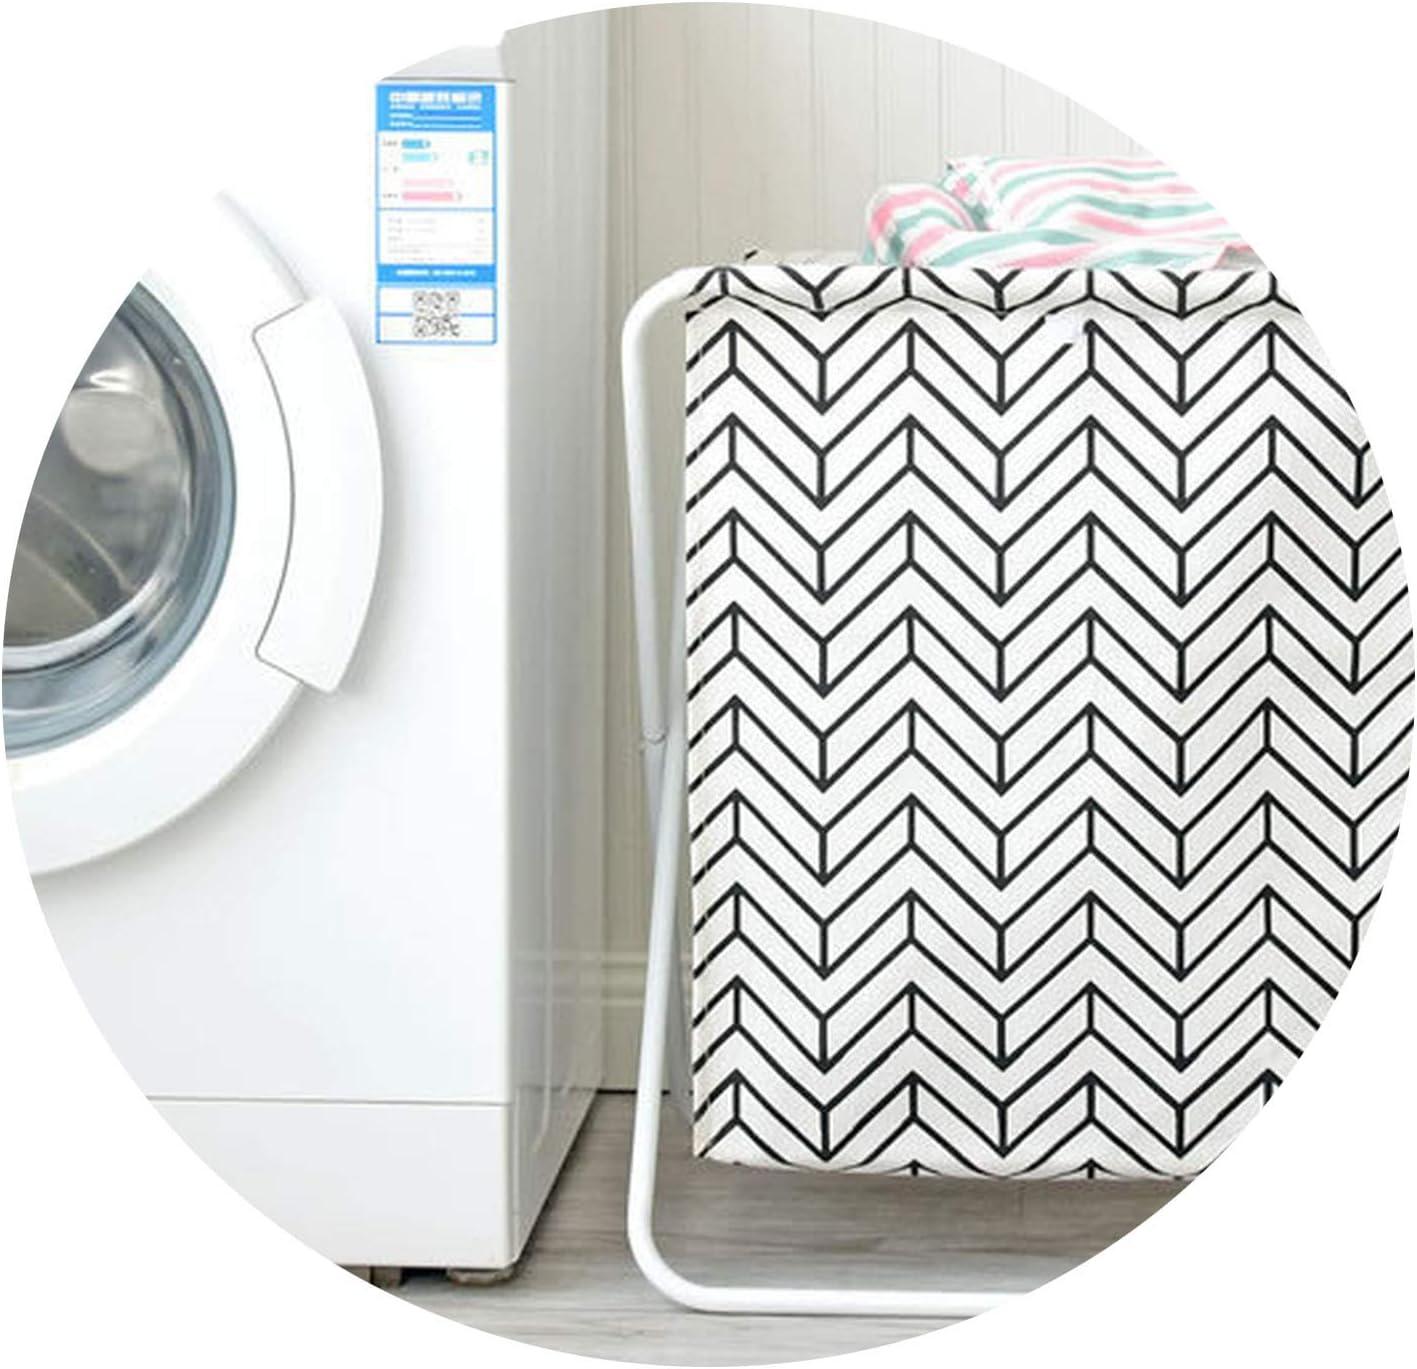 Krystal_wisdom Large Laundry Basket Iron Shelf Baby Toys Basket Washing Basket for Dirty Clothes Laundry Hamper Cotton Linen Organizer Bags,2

==

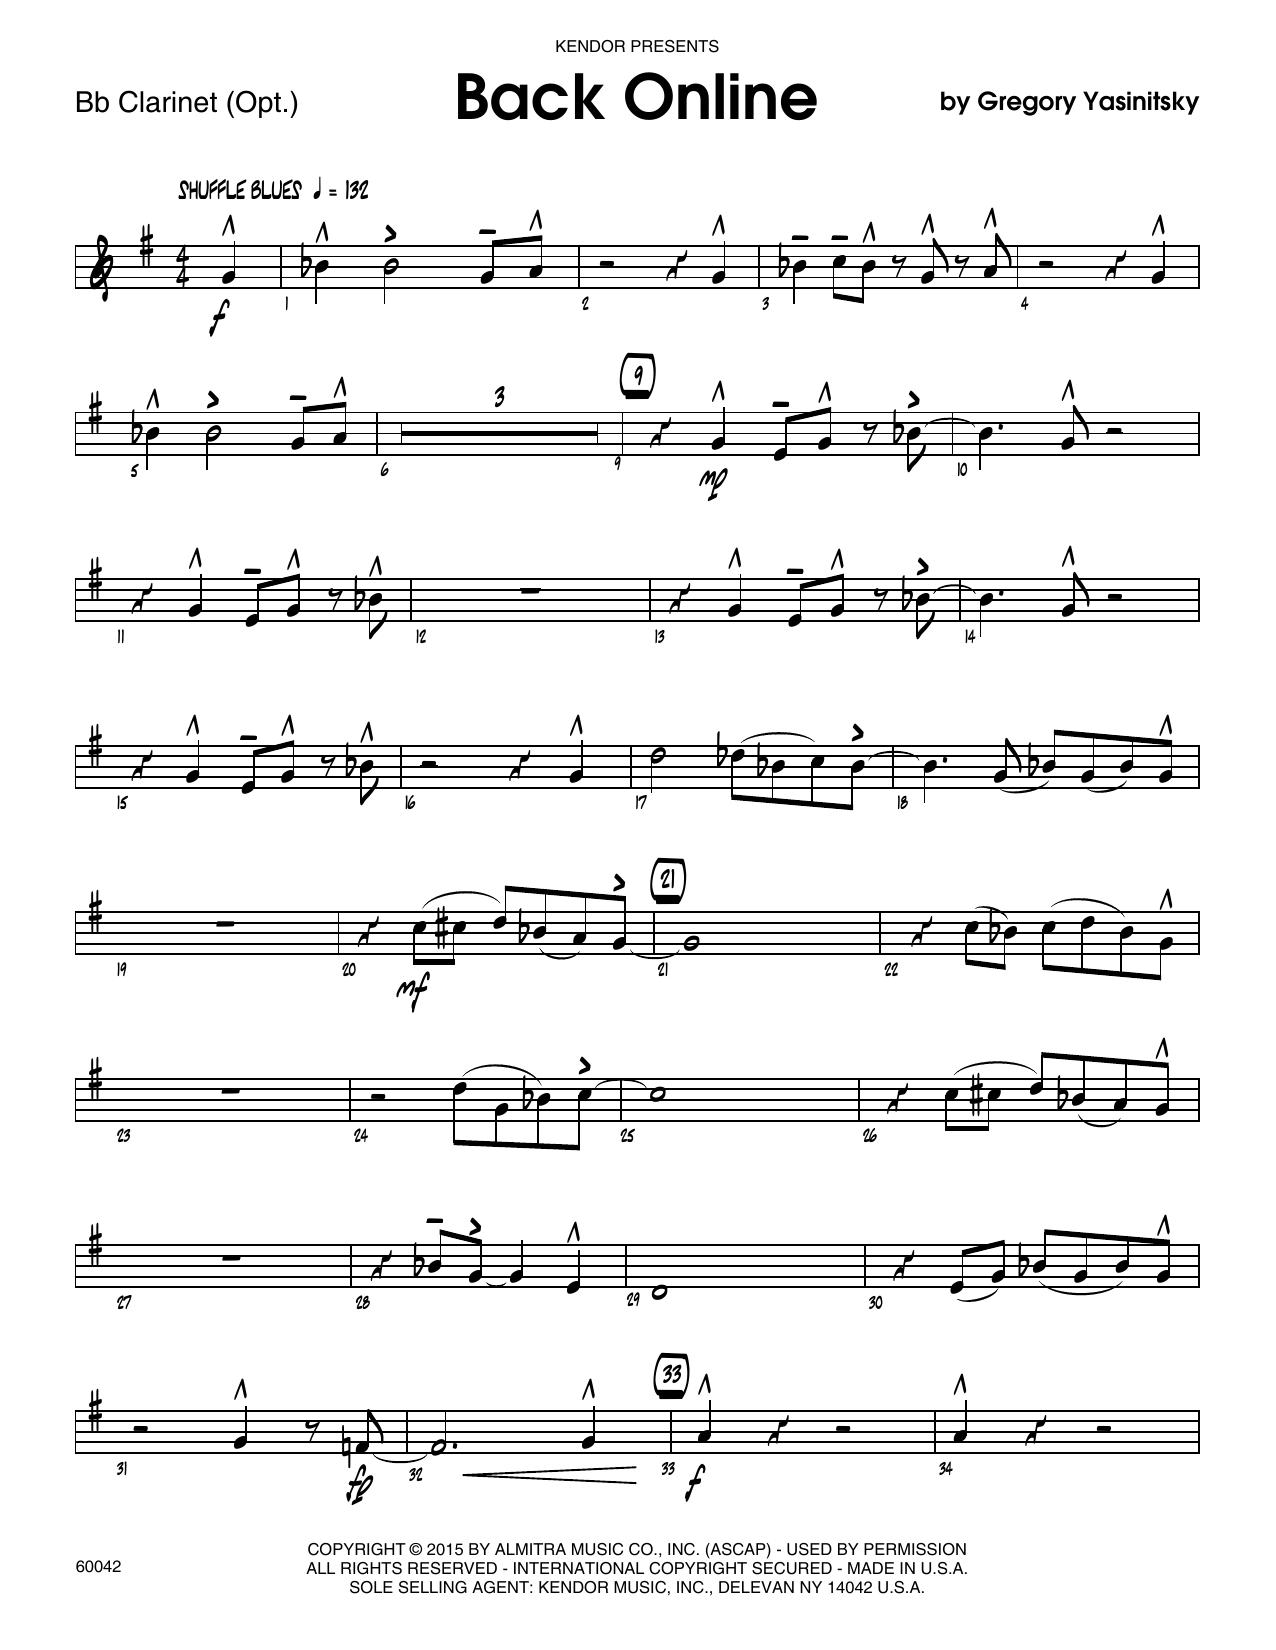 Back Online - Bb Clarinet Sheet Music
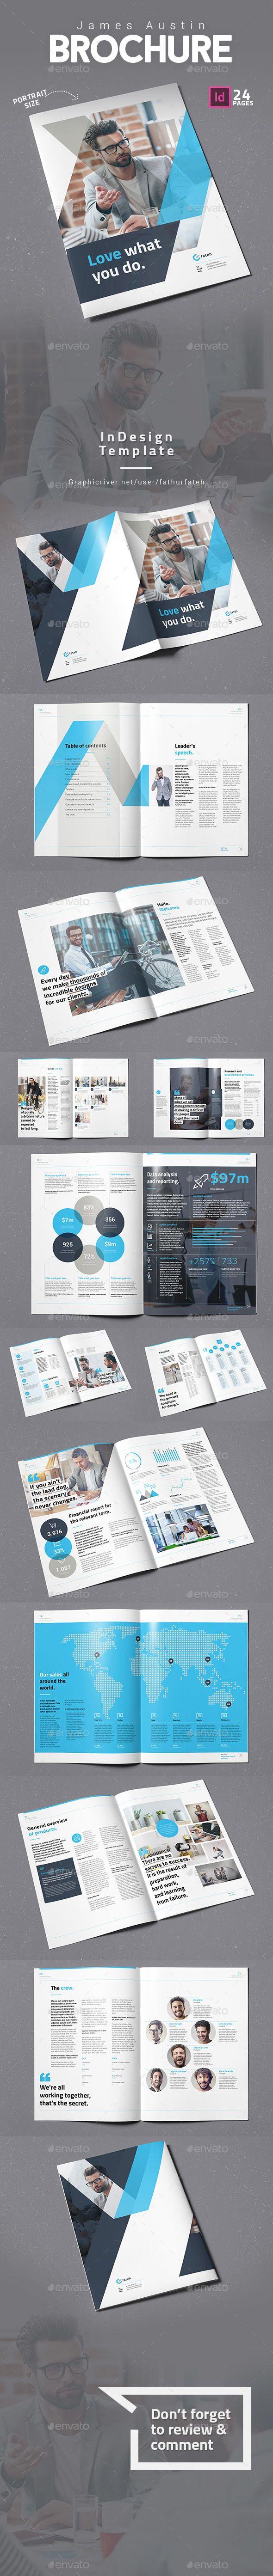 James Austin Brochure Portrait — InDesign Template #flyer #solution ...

> **Exercise objective**
Within the listing above, find the line containing "Back Online - Bb Clarinet Sheet Music" and the line containing "James Austin Brochure". Transcribe them and everything between them exactly, leaving out the pictures.

> **Task result**
 Back Online - Bb Clarinet Sheet Music
 James Austin Brochure Portrait — InDesign Template #flyer #solution ...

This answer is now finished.